Over the past two years, artificial intelligence has leaped from the confines of research and development labs — where data science experts crafted powerful yet often unheralded solutions — to the forefront of every product conversation.
To truly excel in building intelligent products, we must critically evaluate our methodologies to get there.
CRISP-DM Definition
CRISP-DM stands for cross-industry-standard-process for data mining and was conceived by a team of hungry data mining engineers. It has been the most widely used data analytics method for almost 30 years running.
How AI-Minded Data Scientists Clash With Scrum Purists
Traditional product development has long been engineering-centric, frequently overlooking the pivotal role of data science.
Having a portfolio of agile certifications on your LinkedIn profile is no longer a ticket to job security or relevance in the evolving landscape of product development. Product development teams’ use of AI surged from 40 percent in 2023 to a staggering 78 percent in 2024, according to Forbes.
There’s a significant difference, however, between using AI and mastering the art of building AI-infused products. Data scientists often find themselves at odds with agile purists, more specifically Scrum purists, as the exploratory nature of data science can be at odds with Scrum’s structured sprints and predictable cycles.
If you believe that the future hinges on artificial intelligence and solutions powered by data science, then it’s clear that Scrum needs an infusion to stay relevant, or perhaps to be replaced altogether.
So are there ways that Scrum and data science can play nice? Perhaps (wink, wink) there’s a methodology that actually embraces the benefits of iterative cycles, while giving data scientists the flexibility they need to innovate?
What Is CRISP-DM?
Enter CRISP-DM, an established method presented with a new opportunity — the Michael Keaton of methodologies. This time-tested framework offers a structured yet flexible approach tailored for data science projects, embracing the iterative experimentation and hypothesis testing that are the lifeblood of AI development.
At the heart of this transformation lies the unique nature of data science, its practitioners and the process. Unlike conventional software projects that follow a linear path, data science continuously thrives on iterative experimentation and hypothesis testing. Data scientists often dive into vast, evolving data sets, seeking unapparent patterns and insights, and the process is unpredictable.
You can’t just pull the rug out from under them after two weeks, say the sprint is over and investigate something else. It demands flexibility to pivot based on findings, work with the team to find new data sources and, sometimes, throw it all away and start from scratch when the data doesn’t give the sought after solution.
Data scientists can’t guarantee that a breakthrough will occur within a two-week window, nor can they always define what “done” looks like at the outset. The process of training models, tuning algorithms and validating results is often nonlinear and fraught with unexpected challenges. Rigid timelines can squash the creativity and flexibility that data science needs, leading to frustrated scientists and stifled innovation.

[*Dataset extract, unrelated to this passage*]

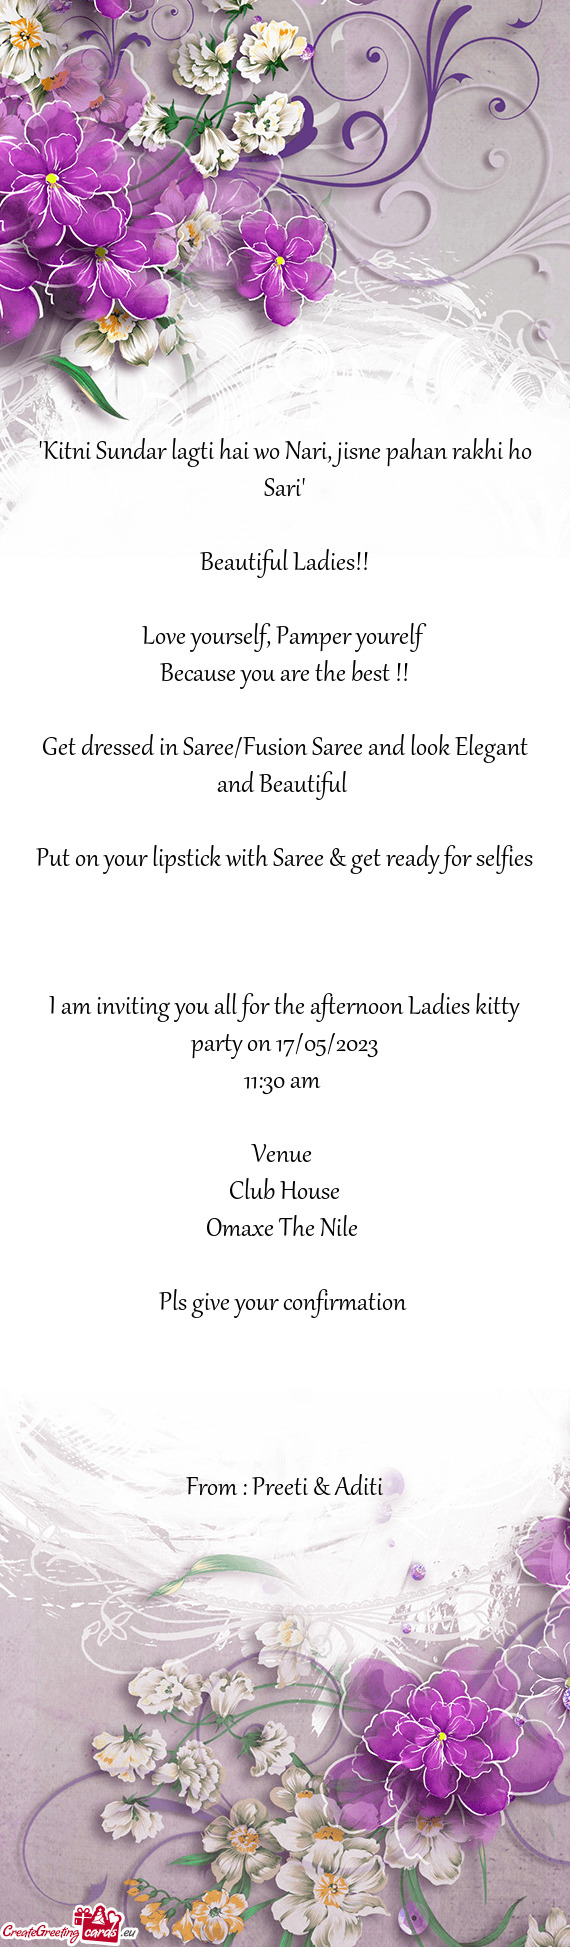 I am inviting you all for the afternoon Ladies kitty party on 17/05/2023

The 6-Phase Iterative CRISP-DM Process
Fundamentally, CRISP-DM is a six-phase iterative process that can provide a comprehensive roadmap from project start to finish.
- Business understanding: This first phase emphasizes the clear understanding of the project’s objectives and requirements from a business perspective. It ensures that data scientists align their efforts with organizational goals, laying a solid foundation for the project.
- Data understanding: Here we shift the focus to collecting data and familiarizing the team with its nuances. This involves exploratory data analysis to uncover initial insights, assess data quality and identify underlying patterns or anomalies.
- Data preparation: Likely the most time-consuming step, this involves cleaning and transforming raw data into a suitable format for modeling. Here we address issues like missing values, outliers and data normalization, which are critical for the success of subsequent modeling efforts.
- Modeling: The team selects and applies various modeling techniques with prepared data. This experimental phase may involve trying multiple algorithms, tuning parameters and iteratively refining models to improve performance.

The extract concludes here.